*Input data*:

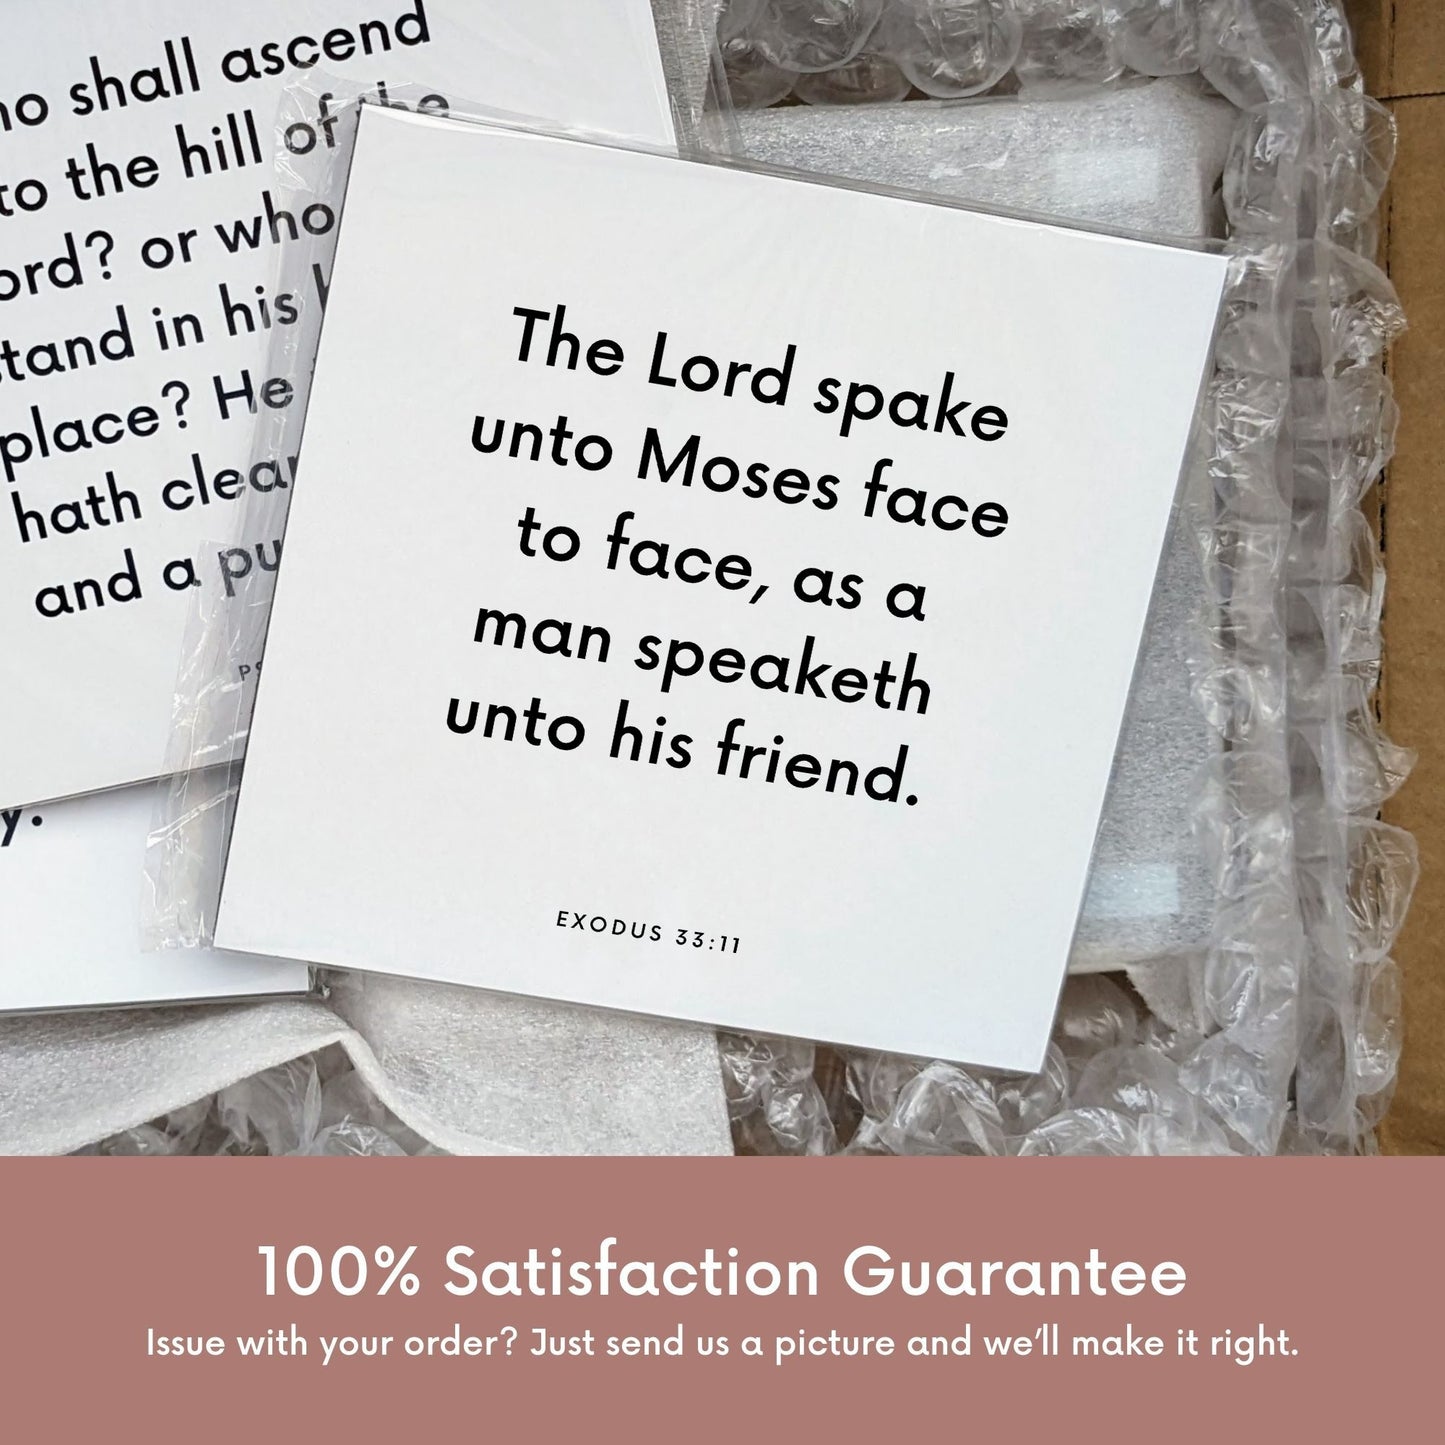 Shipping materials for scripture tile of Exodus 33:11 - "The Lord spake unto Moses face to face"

--

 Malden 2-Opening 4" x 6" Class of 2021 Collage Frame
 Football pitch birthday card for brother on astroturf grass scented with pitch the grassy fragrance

---

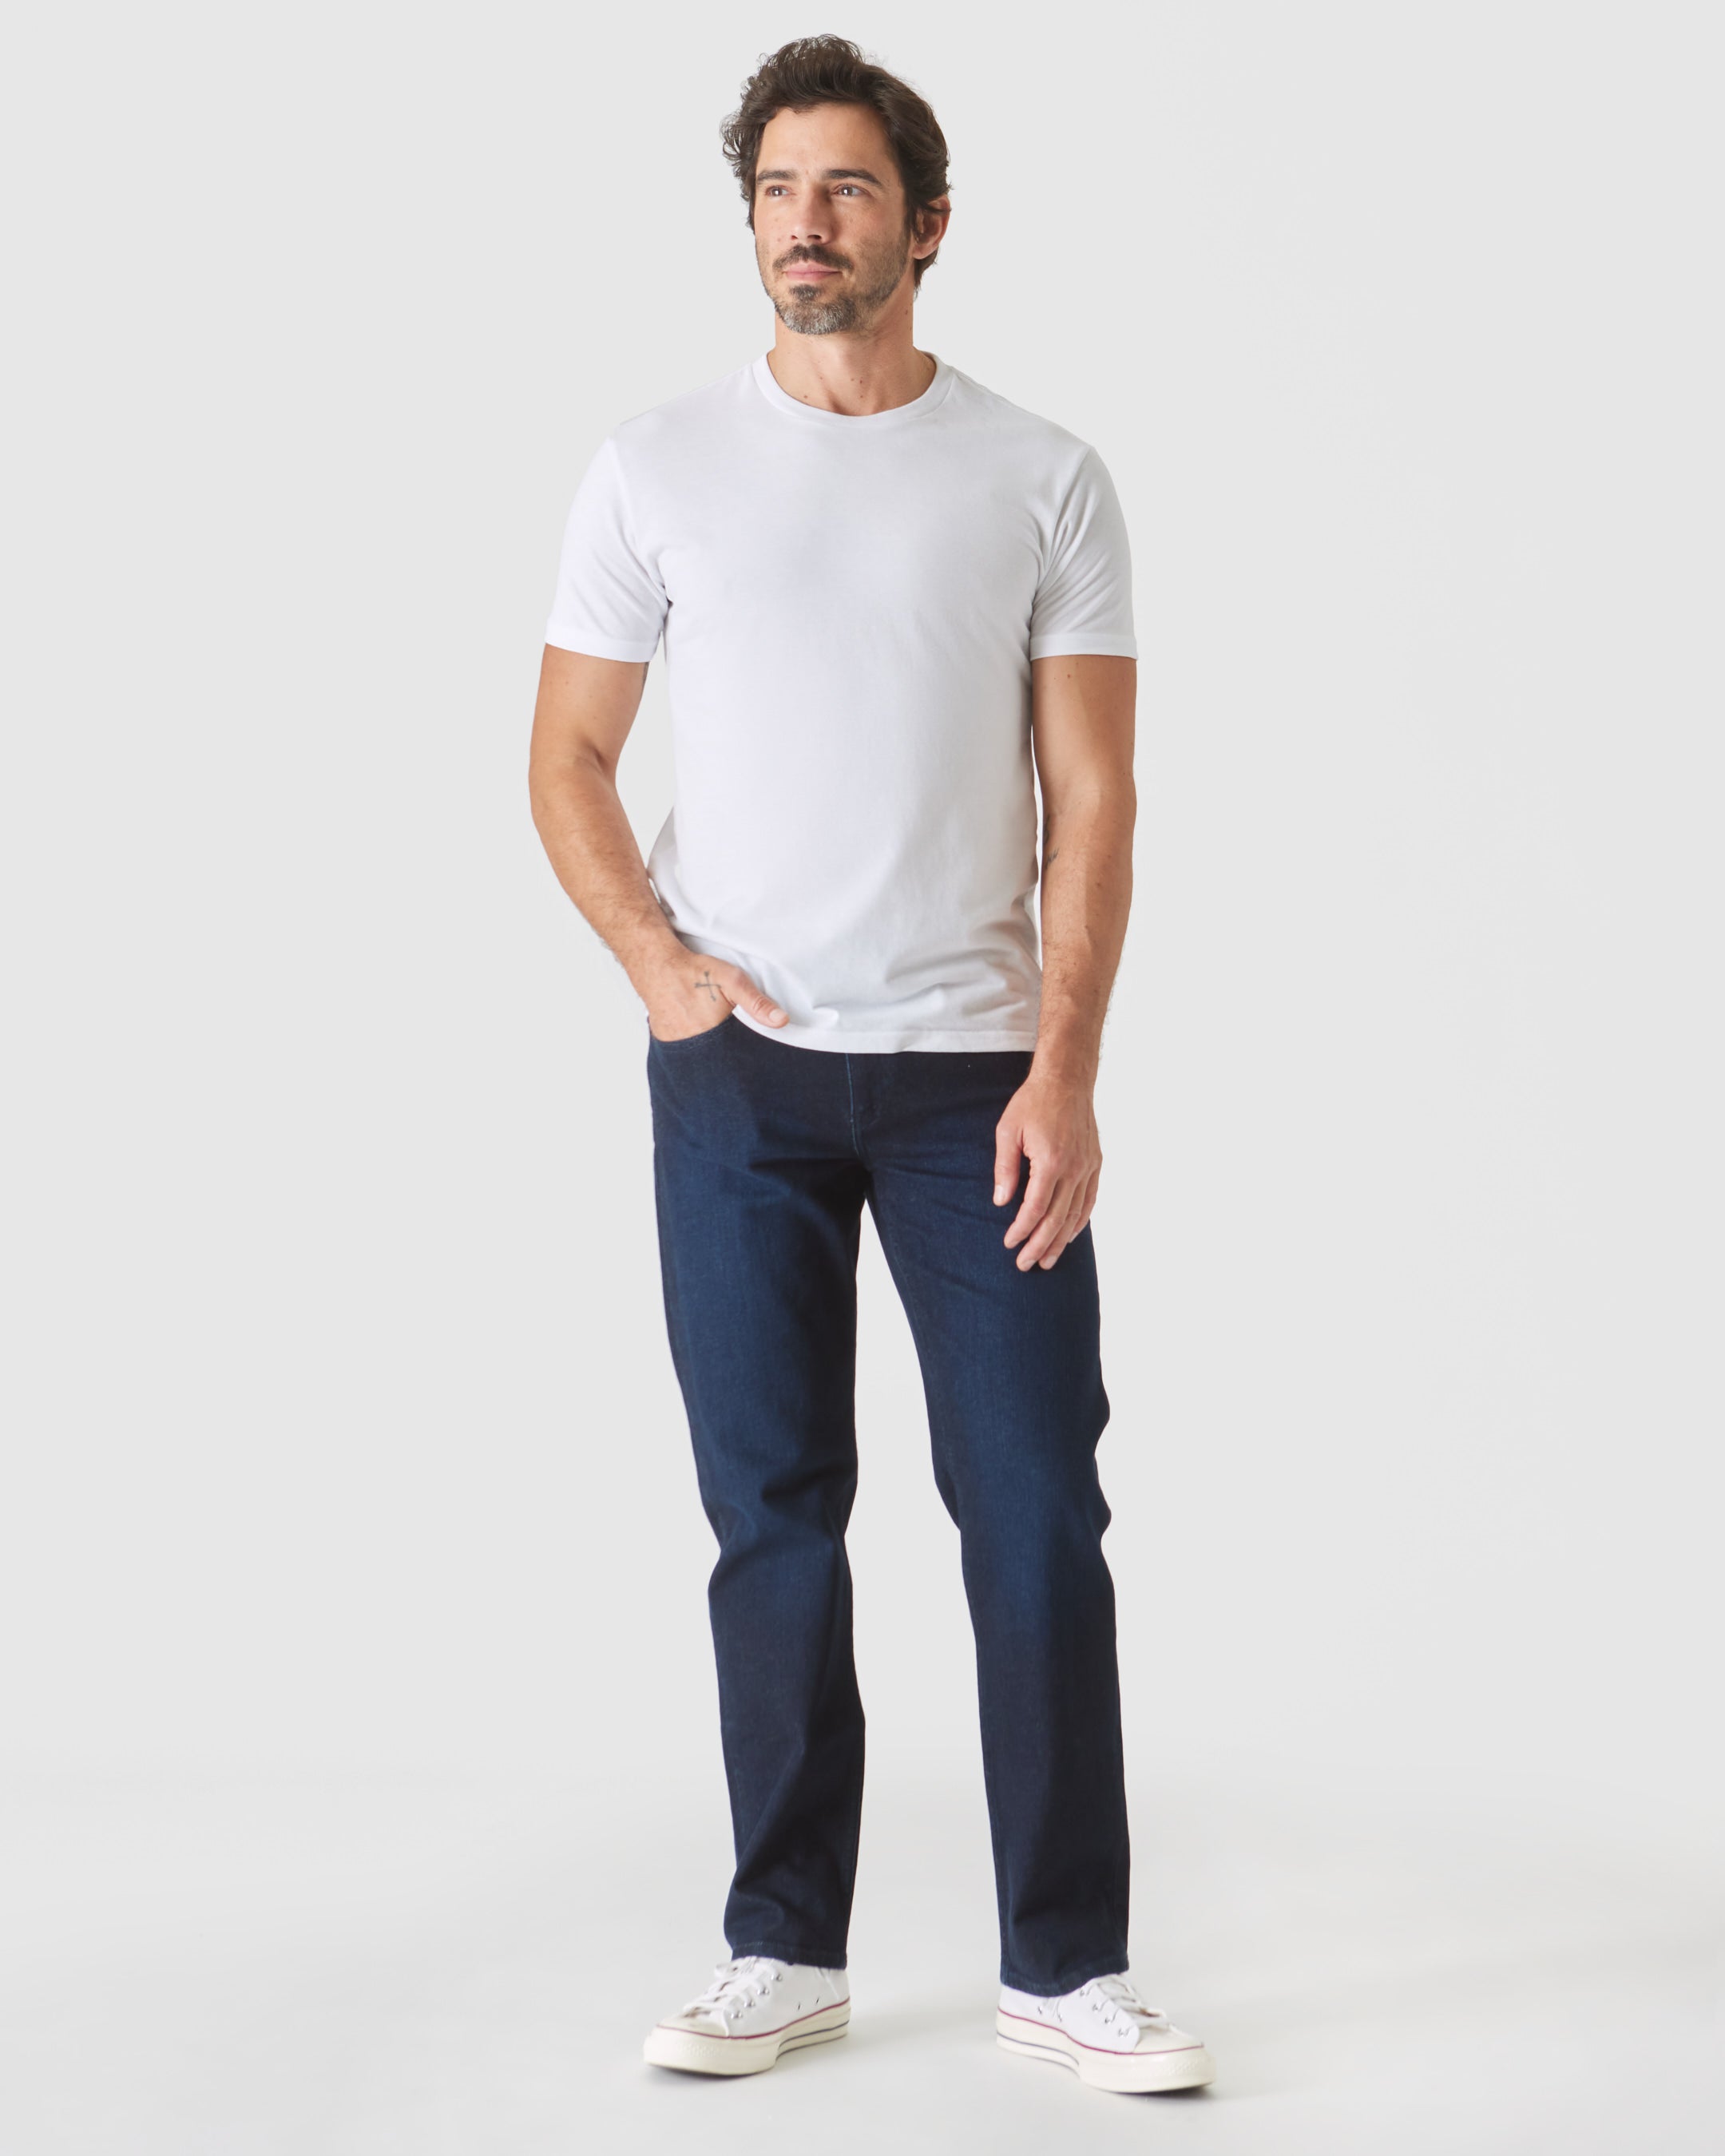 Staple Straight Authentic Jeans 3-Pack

*Exercise instructions*:
Taking the records above, retype every line from the one with "2021 Collage Frame" down to the one with "Football pitch birthday", exactly and with nothing else.

*Result*:
 Malden 2-Opening 4" x 6" Class of 2021 Collage Frame
 Football pitch birthday card for brother on astroturf grass scented with pitch the grassy fragrance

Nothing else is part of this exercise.